Tokyo stocks hit fresh five-month highs as fears over yen strength continued to ease while Asian stocks advanced to their highest levels for a week.
The region’s markets became the first to welcome the Irish bail-out deal, neutralising for the time being an issue that has recently depressed sentiment for global equities.
The knock-on effect of a strengthening euro also helped Japanese exporters to Europe’s markets.
“The market has started to recognise just how resilient [Japanese] exporters have become toward yen strength,” said Fumiyuki Takahashi, of Barclays Capital Japan.
“Their profitability has been improving more than the market had expected. Money has been flowing in, especially from overseas,” he added, noting that the Nikkei 225 Average could rise to 10,500 by year-end.
The Nikkei rose 0.9 per cent to 10,115,19 on Monday, having gained 3 per cent last week and more than 10 per cent so far in November, helped by the yen’s slip from a 15-year high against the dollar scaled earlier in November. The broader Topix index rose 0.7 per cent to 875.48.
A strong performance by Japan’s exporters was key to the advances with Komatsu, the world’s second-biggest construction machinery maker, at one stage hitting its highest in more than two years before edging back slightly to close 2.9 per cent higher at Y2,311.
“It was symbolic to see shares such as Komatsu rising convincingly,” said Takashi Ohba, of Okasan Securities. “I had expected China’s tightening measures would hurt Komatsu, which has a close link to the country, but the strong rise proves that foreign investor appetite is very strong in taking more positions in Japanese stocks.”
Toyota, the world’s biggest carmaker, gained 1.1 per cent to Y3,300 and was the most actively traded stock in the Topix. Kyocera, an electronics maker that accounts for 18 per cent of its sales in Europe, jumped 2.4 per cent to Y8,570 and was the biggest support for the Nikkei’s advance.

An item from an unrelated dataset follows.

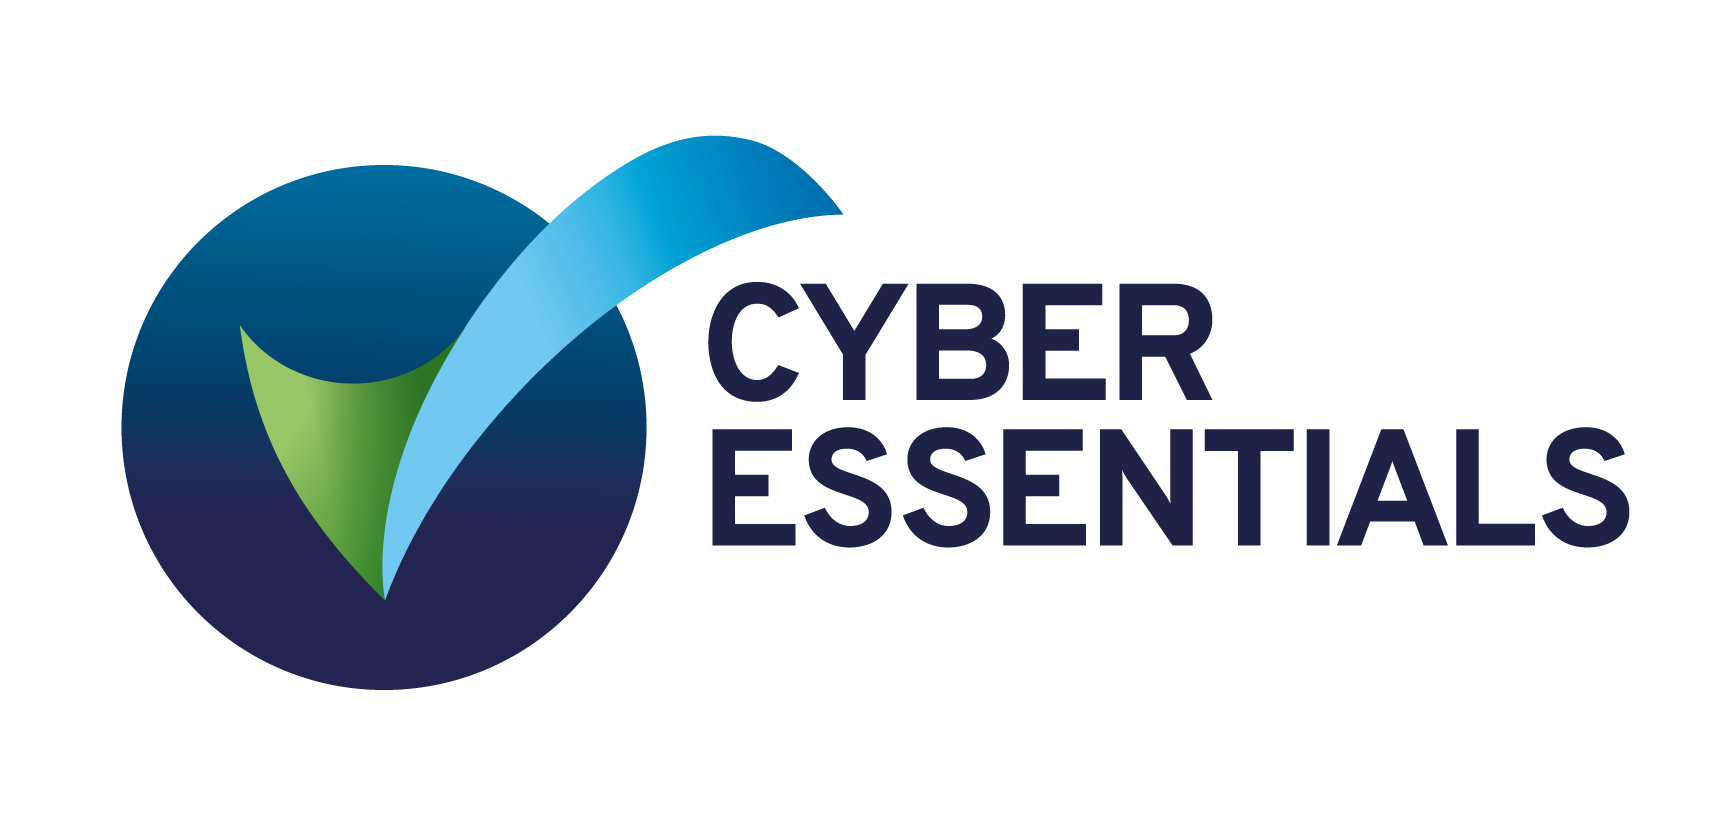 cyberEssentials-1

Canon, a camera maker that derives about 80 per cent of its revenue abroad, gained 1 per cent to Y4,050 while Sumco, a silicon wafer maker that makes 60 per cent of its revenue outside Japan, climbed 3.7 per cent to Y1,331.
Region-wide, the FTSE Asia-Pacific index rose 0.7 per cent to 255.47, its third session of gains.
Indian stocks made their biggest advances in more than two weeks as investors viewed a recent sell-off as overdone.
The BSE Sensex index jumped 1.9 per cent to 19,957.59, recovering from a near-7 per cent retreat over the past two weeks to its lowest levels in two months. “We are seeing a bounceback as the short-term indicators are showing shares are in oversold territory,” said Alex Mathews, of Geojit BNP Paribas Financial Services.
UBS said the sell-off provided a good entry point into banks, lifting those stocks. ICICI Bank, India’s second-biggest lender, rose 2.7 per cent to Rs1,180.05, its first gain in four days. HDFC Bank, the third-biggest, increased 3.3 per cent to Rs2,379.9, its steepest climb for more than three months.
Hong Kong stocks fell for a second day, led by property developers in the wake of Friday’s government measures to prevent a real estate price bubble. Sino Land, a Hong Kong developer controlled by billionaire Robert Ng, tumbled 5.6 per cent to HK$15.40. The Hang Seng fell 0.4 per cent to 23,524.02 and the Shanghai Composite index dipped 0.2 per cent to 2,884.37.